To test for a trend, remoteness was modeled as a continuous variable. The relative risk of infection associated with a decrease in remoteness from the farthest to the closest village was significant for all infections: pathogenic E. coli (OR = 8.4, 95% CI 1.6, 43.5), rotavirus (OR = 4.0, 95% CI 1.3, 12.1), and Giardia (OR = 1.9, 95% CI 1.3, 2.7). For all-cause diarrhea the relative risk was also significant (OR = 2.7, 95% CI 1.5, 4.8) (Table 5).

Discussion

We observed strong trends in infection rates and all-cause diarrhea in villages across a gradient of remoteness for our marker pathogens even after adjusting for population size, sanitation, and precipitation. This result suggests that villages farther from the road have lower infection rates than villages closer to the road. This relationship between infection and road proximity is also seen in Borbón, the only community directly connected to both the primary road and all of the major rivers that serve the region. We observed significantly higher rates of E. coli and all-cause diarrhea in Borbón than in the other 21 study communities. These health differences have policy significance given that both pathogenic E. coli and rotavirus are major causes of mortality and severe morbidity in children.
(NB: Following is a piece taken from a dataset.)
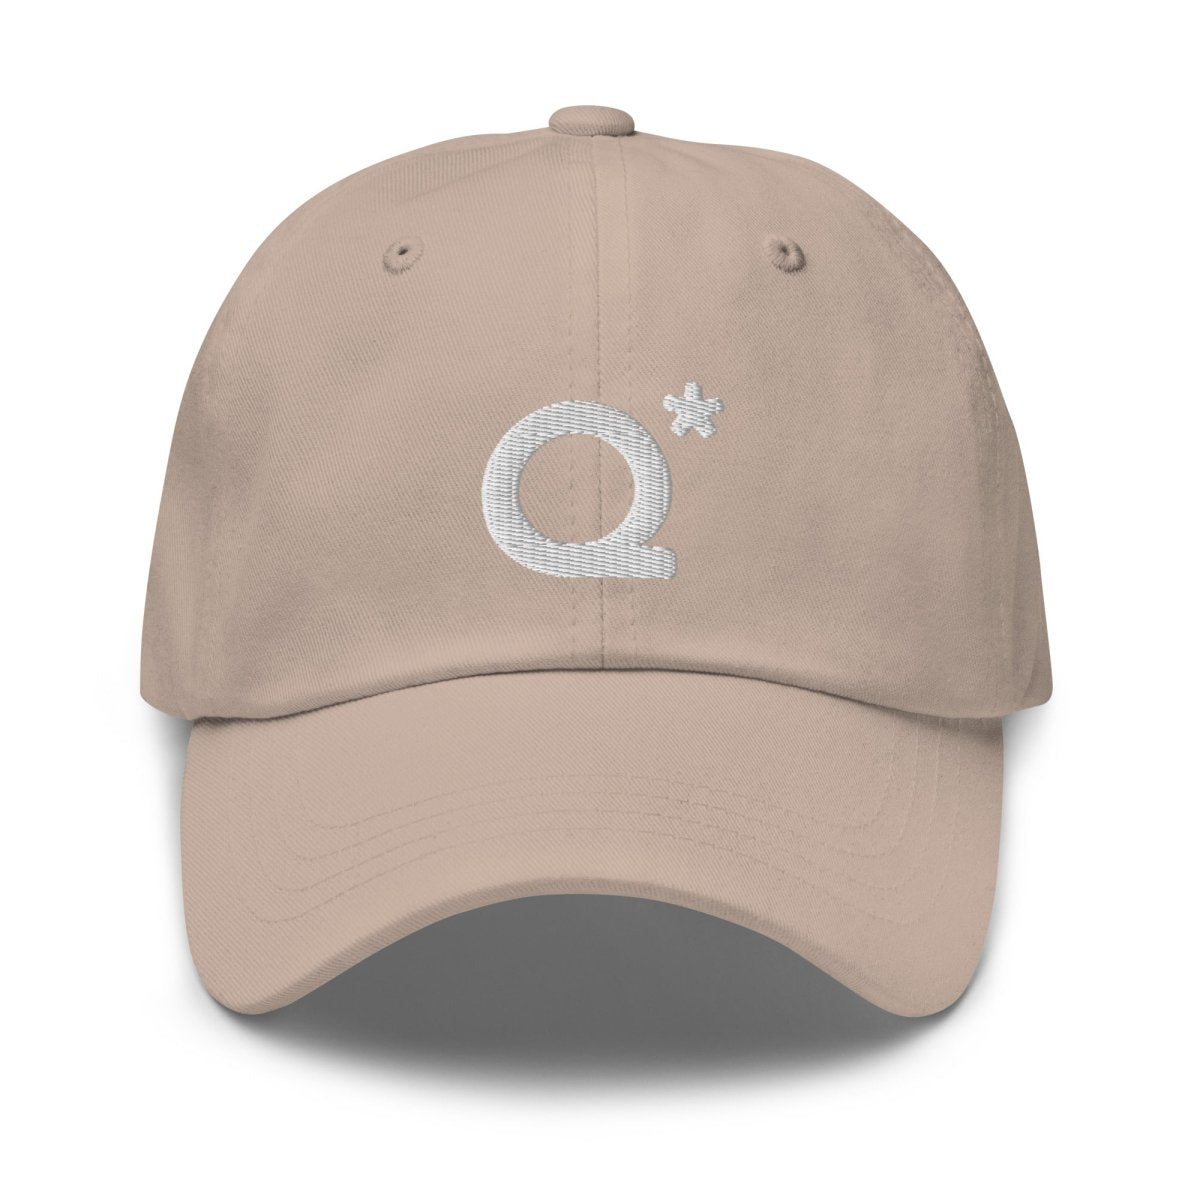 Q* (Q - Star) Embroidered Cap 1 - Stone - AI Store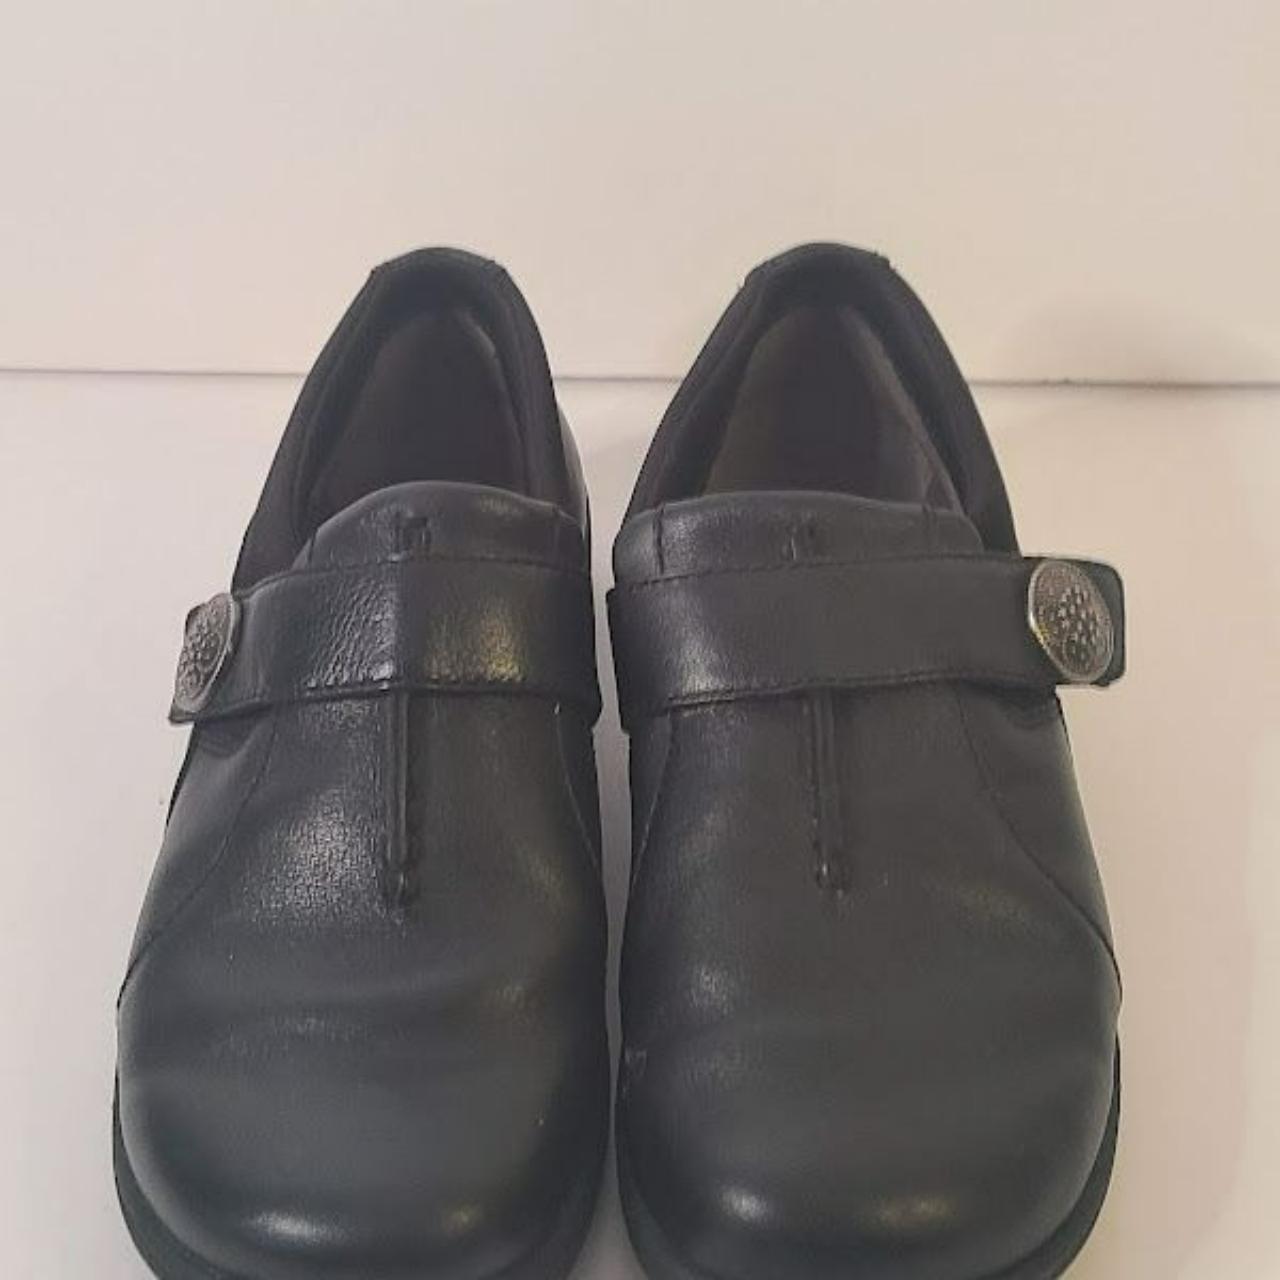 Abeo Black Leather Round Toe Slip On Oxford Shoes... - Depop

These data were collected across three river basins during three visits to each town over 2 years, minimizing the chance that unmeasured localized events either temporally or spatially confounded the risk estimates. We found no statistical relationship between diarrhea or infection rates and time period or river basin. Any unmeasured confounding would have had to continue over the 2-year study period or had to occur across the three river basins.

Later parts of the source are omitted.